Using if binding in Rust can be a little tricky

Why do I have to use "return" when I use only "if" but I don't need to use it when it is accompanied by "else"?

These codes work as they should and compile.

fn sum_if(x: u32, y: u32, cond: bool) -> u32 {
  if cond {
    x + y
  }
  else {
    0
  }
}
fn sum_if(x: u32, y: u32, cond: bool) -> u32 {
  if cond {
    return x + y
  }
  else {
    return 0
  }
}

These codes don't work as they should and compile.

fn sum_if(x: u32, y: u32, cond: bool) -> u32 {
  if cond {
    x + y;
  }
  
    0
}

These code does not compile but follows the case of the first code without "return" and the error message is not very useful.

fn sum_if(x: u32, y: u32, cond: bool) -> u32 {
  if cond {
    x + y
  }
  
    0
}
error[E0308]: mismatched types
 --> source_file.rs:6:5
  |
6 |     x + y
  |     ^^^^^ expected (), found u32
  |
  = note: expected type `()`
             found type `u32`

error: aborting due to previous error

For more information about this error, try `rustc --explain E0308`.

Why in the last code it is not possible to use the if without return and inside and outside the if there are outputs for the function? Wouldn't that be language inconsistency?

Please don't attack me, it's just a question that hasn't left my head for a few days

You are confusing a block implicitly yielding its last expression as its value with a function returning implicitly.

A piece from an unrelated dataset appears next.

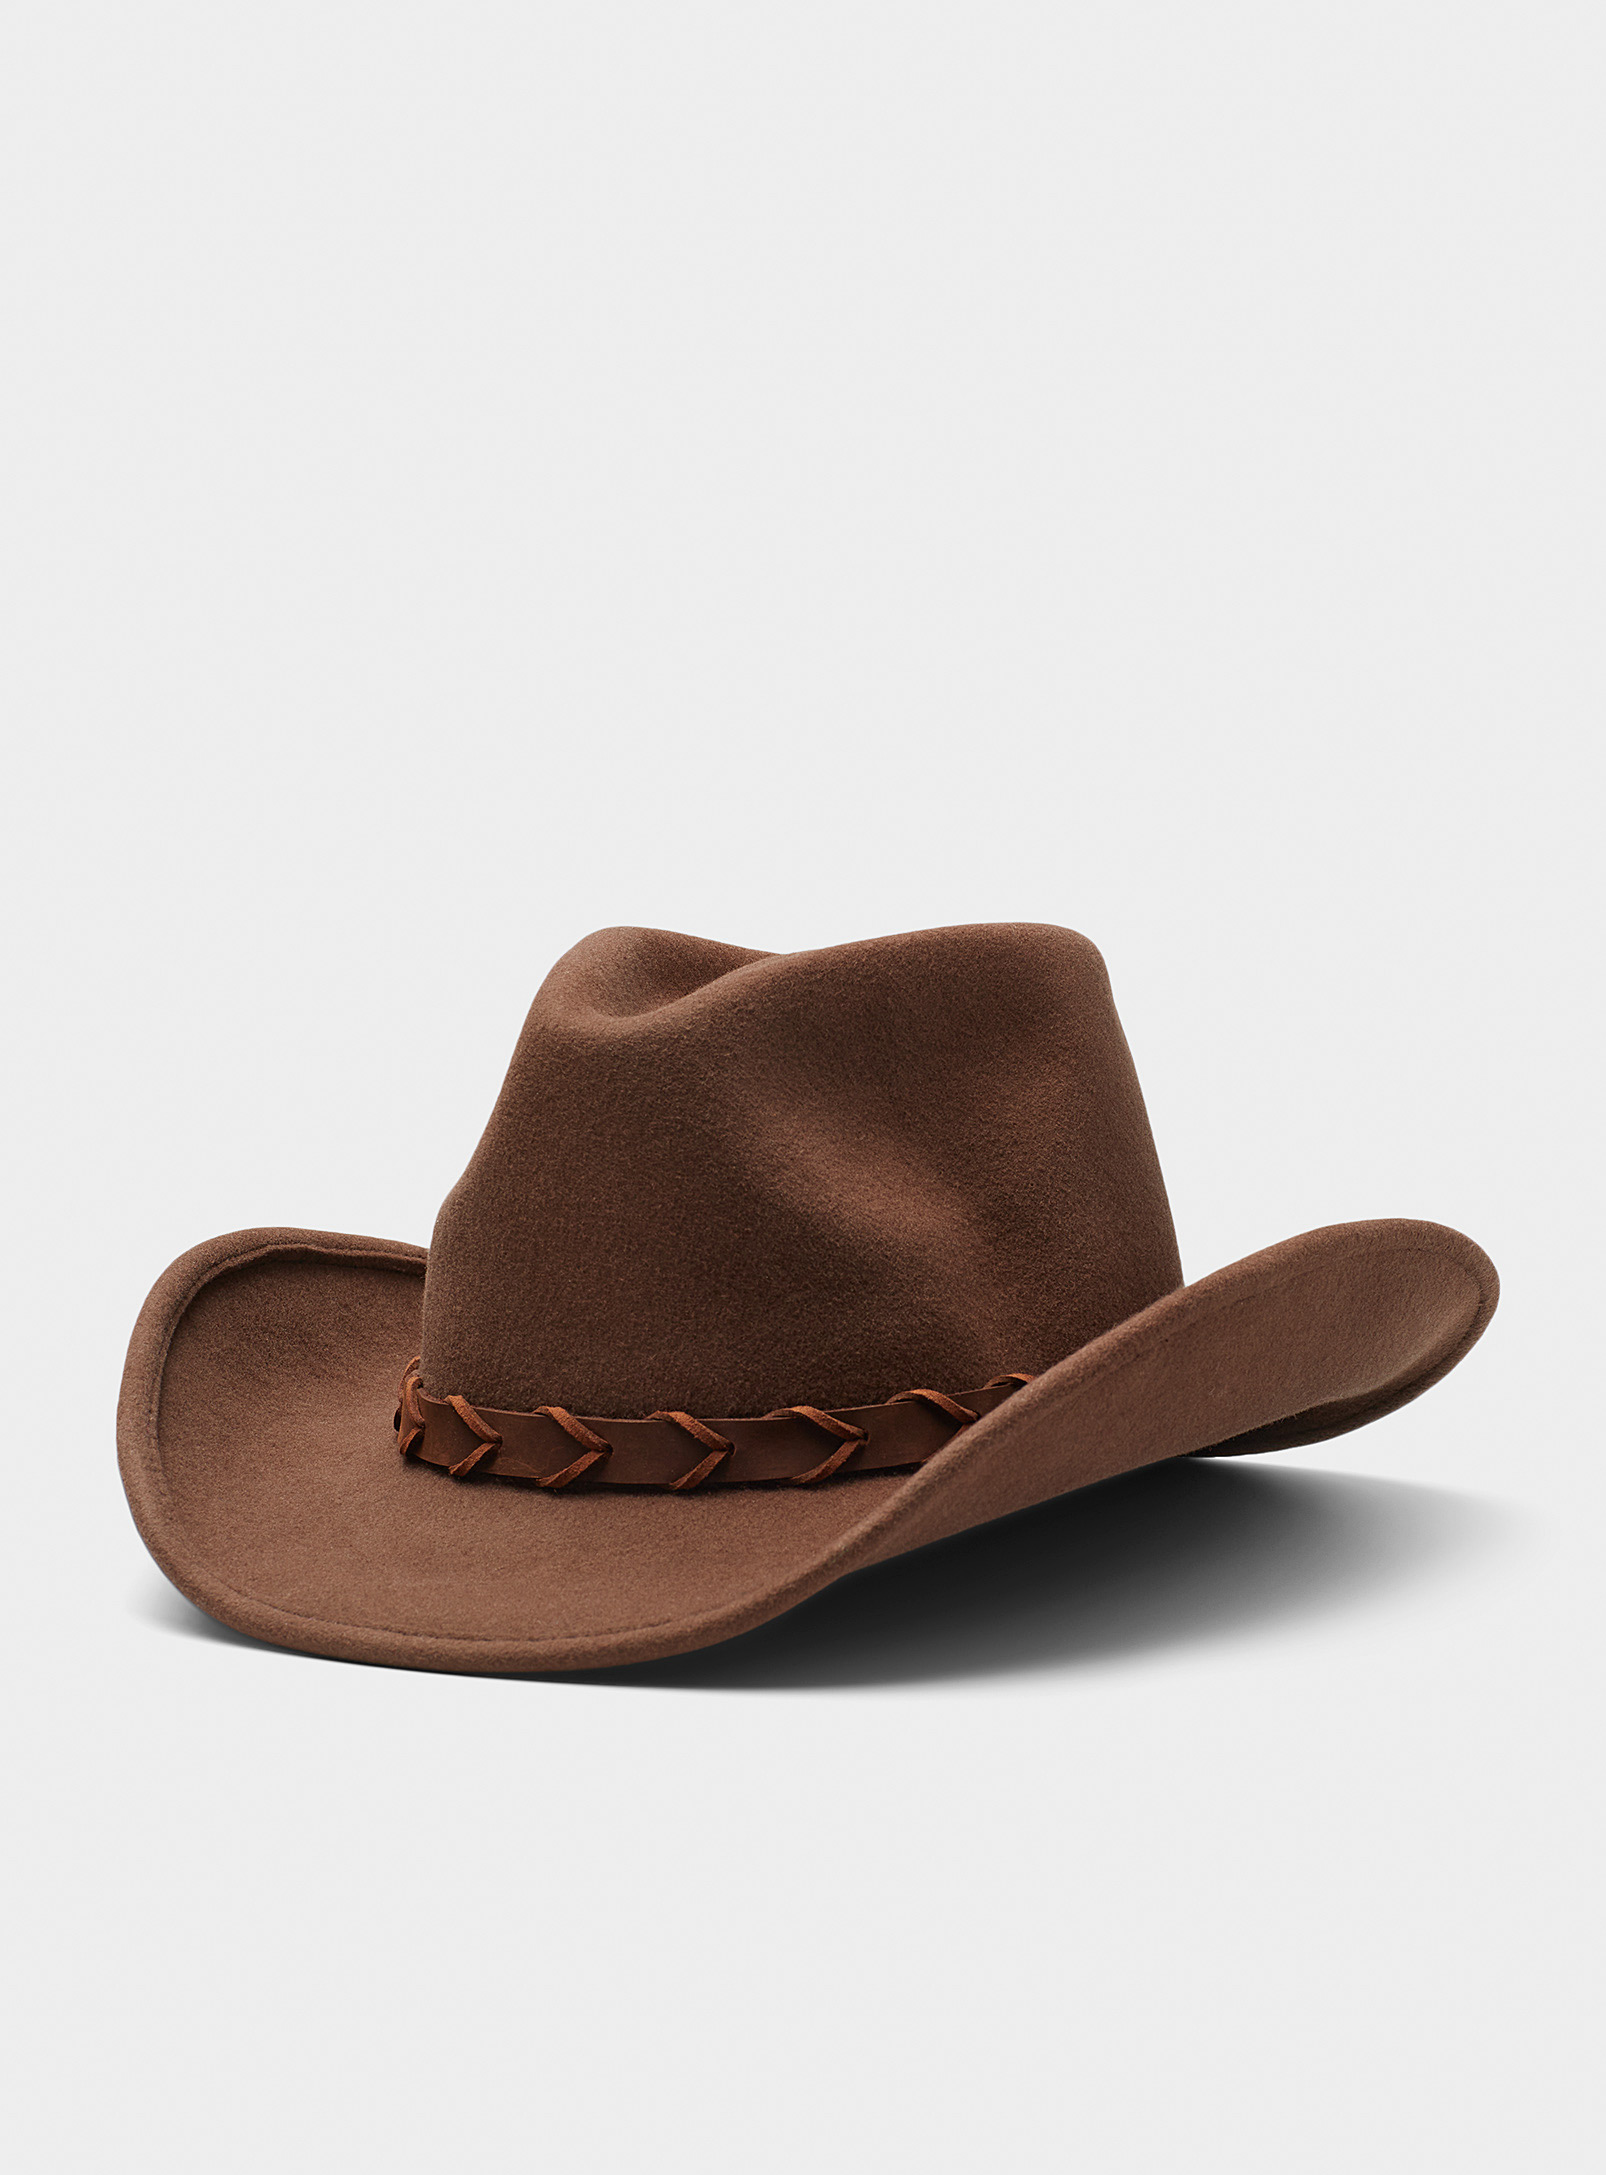 Peter Grimm Leather Band Felt Cowboy Hat In Brown

if is a plain old expression. It's not magic, it does not by itself imply a return, and it does not transfer control flow to the caller function. It just yields one of the specified values based on its discriminant expression.

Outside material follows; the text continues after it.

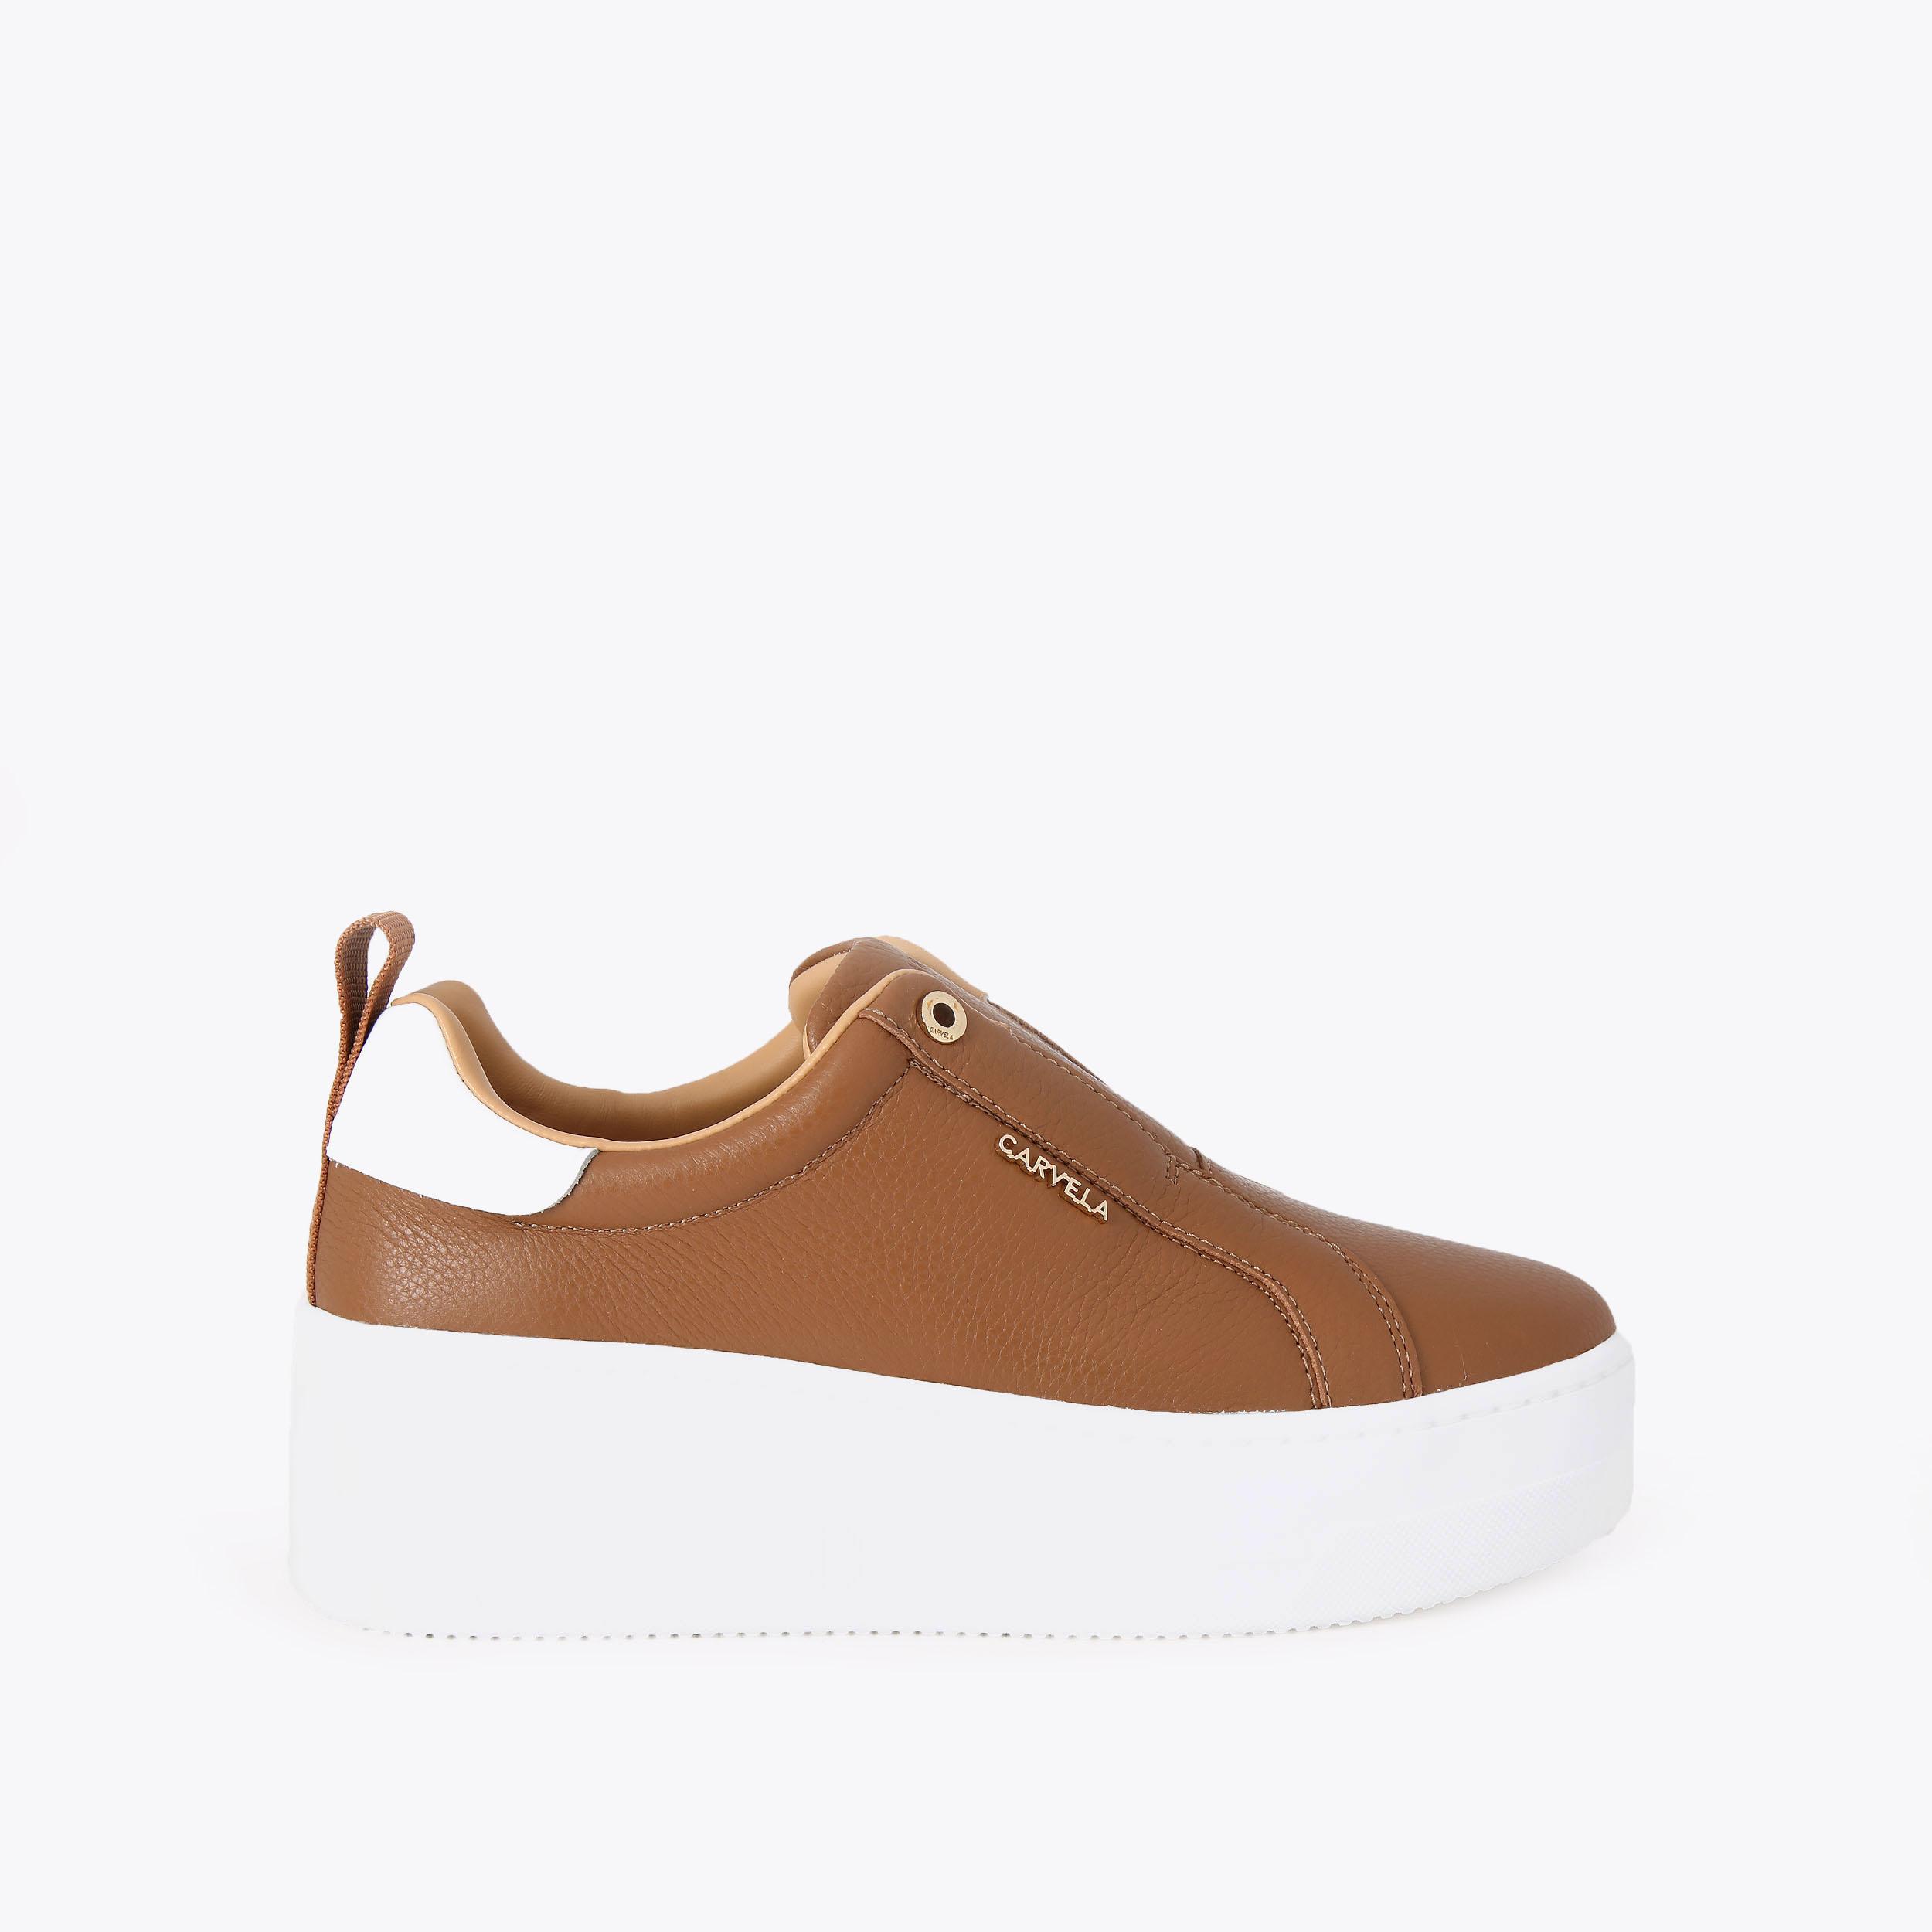 CONNECTED LACELESS Tan Leather Trainers by CARVELA

Where an implicit return is present is the end of a function. This is because function bodies are blocks, and in Rust, a block yields the value of its last expression. (Therefore, if the last expression of a block is a statement, then it yields (), the unit type, or "nothing".) And functions are defined to return the value of their body unless an explicit return is written. Therefore, a function implicitly returns the last value of its body block.

When you write the following:

fn sum_if(x: u32, y: u32, cond: bool) -> u32 {
  if cond {
    x + y;
  }
  
  0
}

then you have two independent expressions in the body block of the sum_if function: the first one is an if, and the second one is the literal 0. Therefore, the if expression is not the last expression of the body, and consequently, it does not get returned implicitly. The last expression in that body is an unconditional 0, so that's what gets returned regardless of what cond is. (The addition in the if is evaluated if the condition is true, but since that's a simple addition, it doesn't do much of anything.)

If you do the above and you also omit the semicolon, you get a type error because the type that an if expression yields is defined to be unit, (), if there is no else arm. This is exactly the case because if has a value, but what value could it have if there's no else but the condition happens to be false? And anyway, if you are writing an if without an else, it's likely that you are evaluating the enclosed expressions for their side effects, so the whole outer if expression yielding unit makes sense from this point of view, too.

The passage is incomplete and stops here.